Ее дом был хорош еще тем, что Вера не могла далеко отойти: двое мальчишек, родившихся у Сидоровых один за другим, так мельтешили, что казалось, их много больше. Впрочем, может, у Веры был тогда один мальчик, другой — соседский, родни…
Промороженный так, что звенела моя одежда, изголодавшийся, приходил я в этот дом с одним-единственным желанием — чтобы меня накормили. Я стучался обмороженным кулаком в дверь, пригибаясь и защищаясь спиной от всепроникающих, залетающих даже под навес ледяных струй, этим ветром во все мои дырки набивался мелкий снег.
Если бы Веры вдруг не оказалось дома, я, наверное бы, не смог уйти, так и остался бы замерзать у ее крыльца, ни сил, ни тепла на обратную дорогу у меня уже не оставалось.
Но Вера открывала дверь и впускала меня.
Она никогда не удивлялась моему виду, не ахала и не плакала по поводу моей такой ненормальной жизни. Ей хватало переживаний и со своими детьми.
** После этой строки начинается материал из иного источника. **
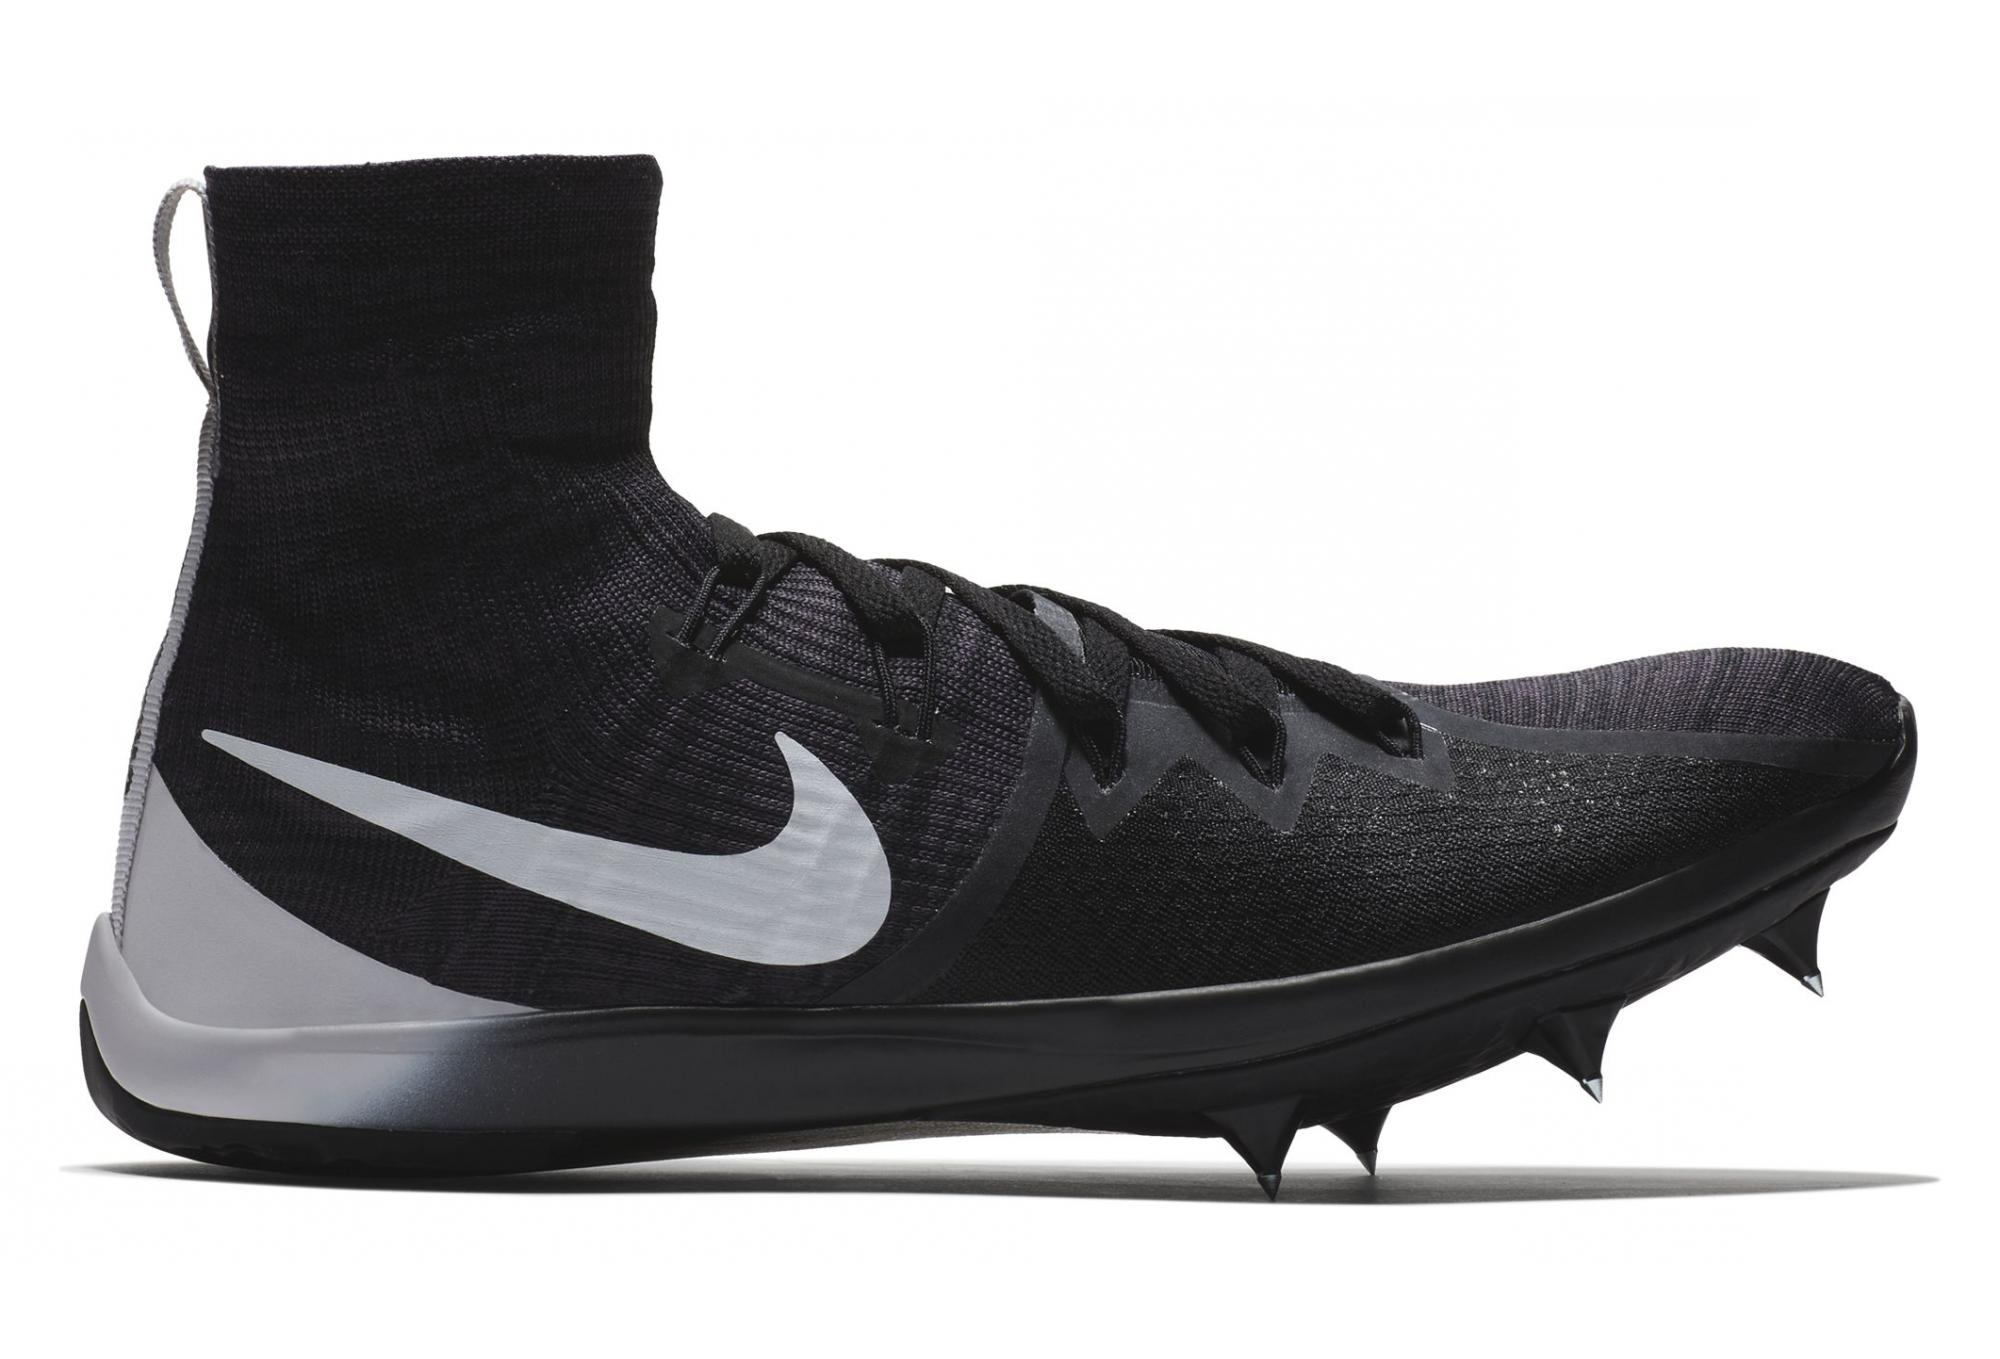 the latest 77c5f 33a76 Zapatillas Nike Zoom Victory 4 XC Negro Blanco Unisex | Alltricks.es

Они всегда чем-нибудь болели, и в очередной мой приход, а я приходил, лишь когда чувствовал, что могу сдохнуть с голода, в доме царила обычная очередная разруха: и дров не было, и хлеба не было, и картошки не было, и все-таки они как-то все жили. А рядом, около них, на несколько часов пристраивался пожить и я.
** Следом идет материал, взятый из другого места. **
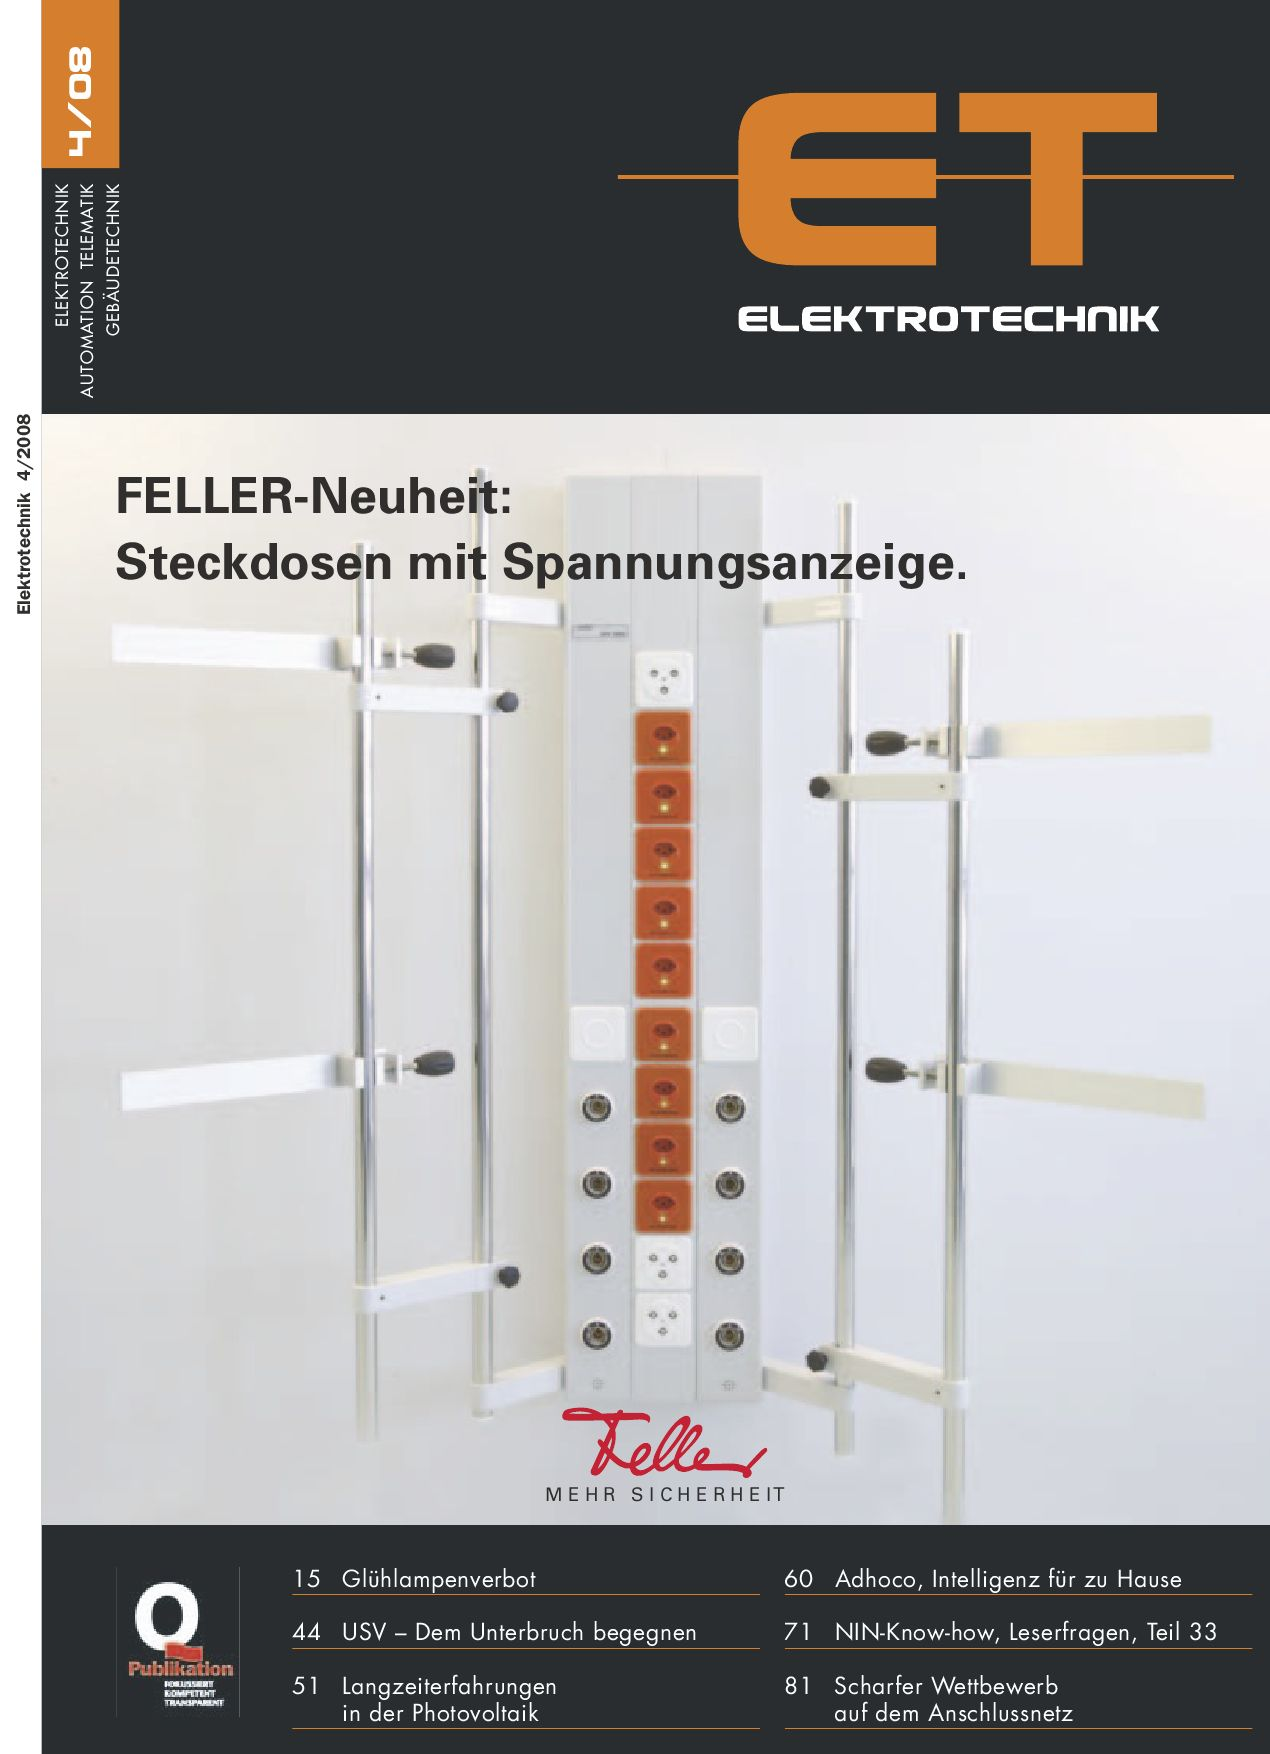 Elektrotechnik 2008/04 by Daniel Gugger - issuu

Меня угощали чаем, ну то есть кипятком, а в какие-то дни мне перепадали, после Вериных, картофельные очистки. Но это были редкие дни, их можно пересчитать по пальцам. Ведь чтобы оставались очистки, нужна была прежде всего картошка для этих очистков.
Может, и картошка была, но при мне старались не есть. И я понимал: на всех не напасешься!
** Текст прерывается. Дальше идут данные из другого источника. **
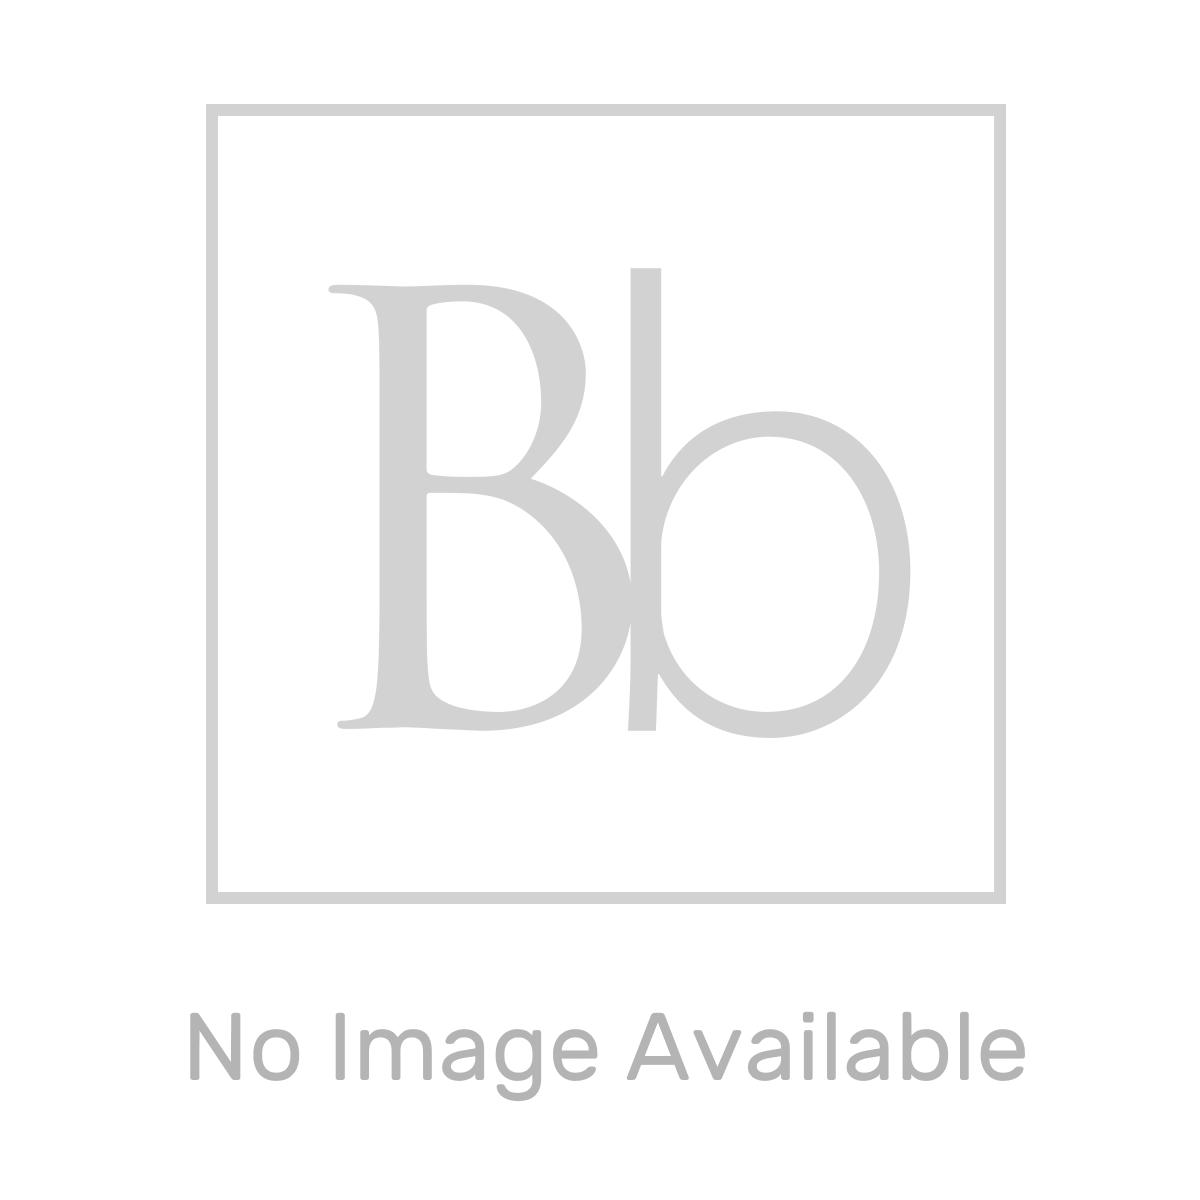 Merlyn Black Crittall Shower Screen Enclosure

Дети могли быть коклюшные, коревые, любые, словом, это для очистков не имело никакого значения.
Бывало, что и я болел, но обычно болел как раз в те времена, когда все было вроде бы хорошо и чуть расслаблялся, Но таких случаев в моей той жизни было немного, а значит, и болеть мне не приходилось.
В грязноватой полутемной комнатке я садился на кровать в ногах у больного ребенка и, выпив две кружки кипятку, начинал потихоньку задремывать.
Я сидел, убаюканный криками, возней, стонами, руганью, впадая в забытье, и словно бы наяву видел, что меня, мою жизнь урки из нашего детдома проигрывают в карты.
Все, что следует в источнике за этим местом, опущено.